The quality of the marker’s ink affects the intensity of your homemade ultraviolet light, so you can engage in a little trial and error to find the best brands.

To create your UV light:

  1. Put a small piece of tape over the flashlight of your cellphone or on any strong and powerful light source.
  2. Color the piece of tape completely using the blue permanent marker.
  3. Leave it to dry before applying another piece of tape over it, but this time color it completely using the violet permanent marker.
  4. Repeat this process for several layers, overlapping blue-colored pieces of tape with violet one.

When you turn on the flashlight, the layers will turn the white light into ultraviolet light.

If you want to take amazing shots of flowers under ultraviolet lighting, Keukenhof in the Netherlands is known as the Garden of Europe and contains over 7 million flowers spread out over 32 hectares. Aside from the country’s famous tulips, daffodils and hyacinths also cover Keukenhof’s many acres.

Color it Up

Although the world is already bursting with the most vivid colors, its unpredictability sometimes paints the world a different shade than what you want for your photograph. Color filters can assist you in changing the natural colors in a shot and shift them to a pigment more to your liking.

You can make any number of color filters by going to a school supply store or heading for the nearest supermarket. You could buy as many different colors of cellophane as you can or even reuse cellophane wrappers from local candies and delicacies for your new filters.

Secure a layer of the colored cellophane over your camera lens with tape or rubber bands, and you have an easy color filter. The more layers you put over your lens, the richer and darker the color becomes.

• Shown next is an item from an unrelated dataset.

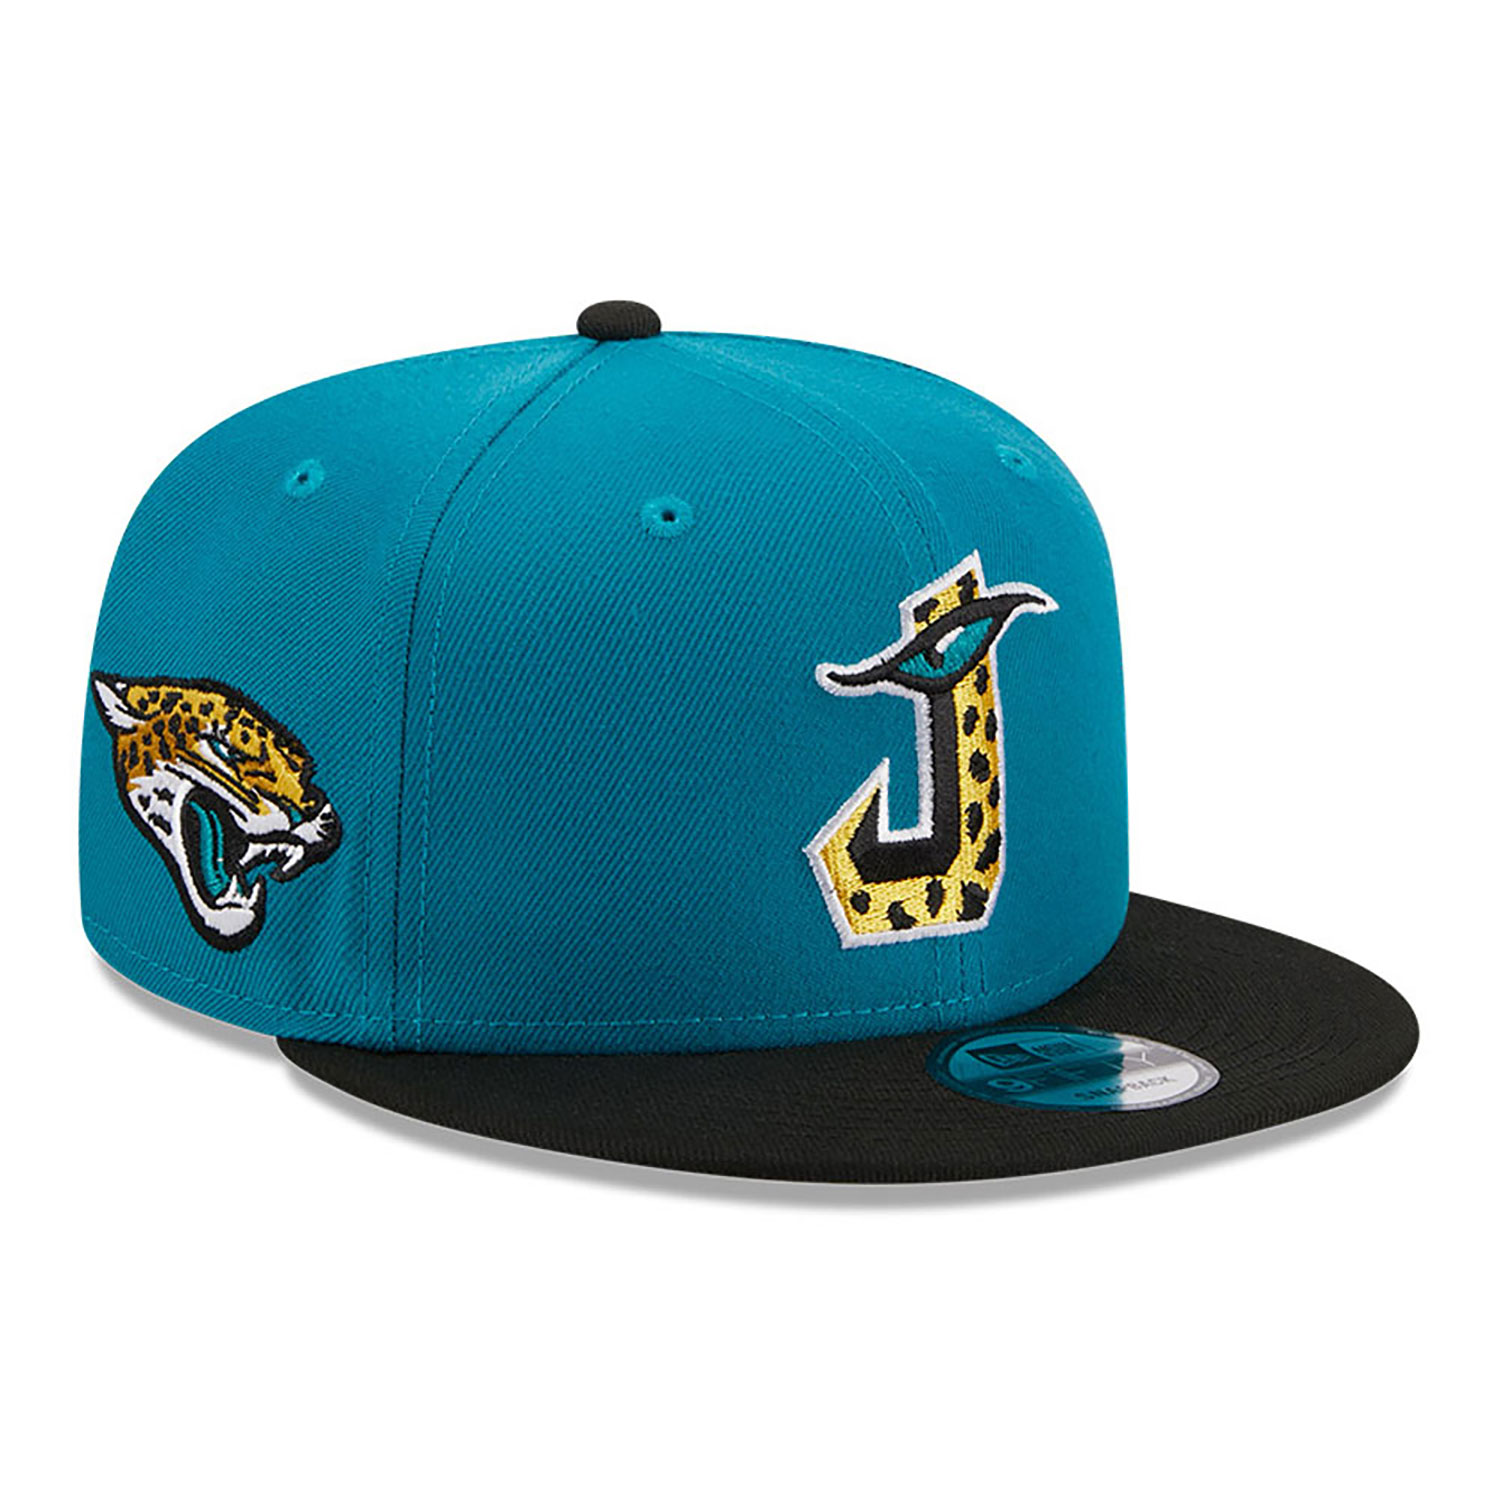 Jacksonville Jaguars NFL City Originals Turquoise 9FIFTY Snapback Cap

For a different color effect, wait for the Christmas season to bring out all the glittering items you’ll need.

Do the following:

  1. Buy some reflective colored tinsel from craft stores
  2. Take several strips of tinsel
  3. Attach them to the rim of your camera lens with some tape

The tinsel’s bright hues will reflect into the lens when light hits it, infusing each of your shots with dazzling flashes of fairy-like wisps.

Colored filters allow you to transform any location into a technicolor wonderland. Use full-colored cellophane filters to highlight the color scheme of a city or place. An orange or yellow color filter will emphasize the arid atmosphere and desert heat around Cairo whereas a faint blue filter makes Phuket’s white-sand beaches look cooler and more relaxing.

The natural world is already full of the most vivid colors, the most awe-inspiring of vistas, and the most dramatic panoramas. Filters and other accessories help you add your touch, your signature, on the beautiful sights and scenes around the globe. Filters allow you to apply your vision, as well as let you share what you see with others.

These easy to assemble filters let you change how you perceive the majesty of the world in whatever country you find it, providing you with the power to paint the world as you see fit – one quick snapshot at a time.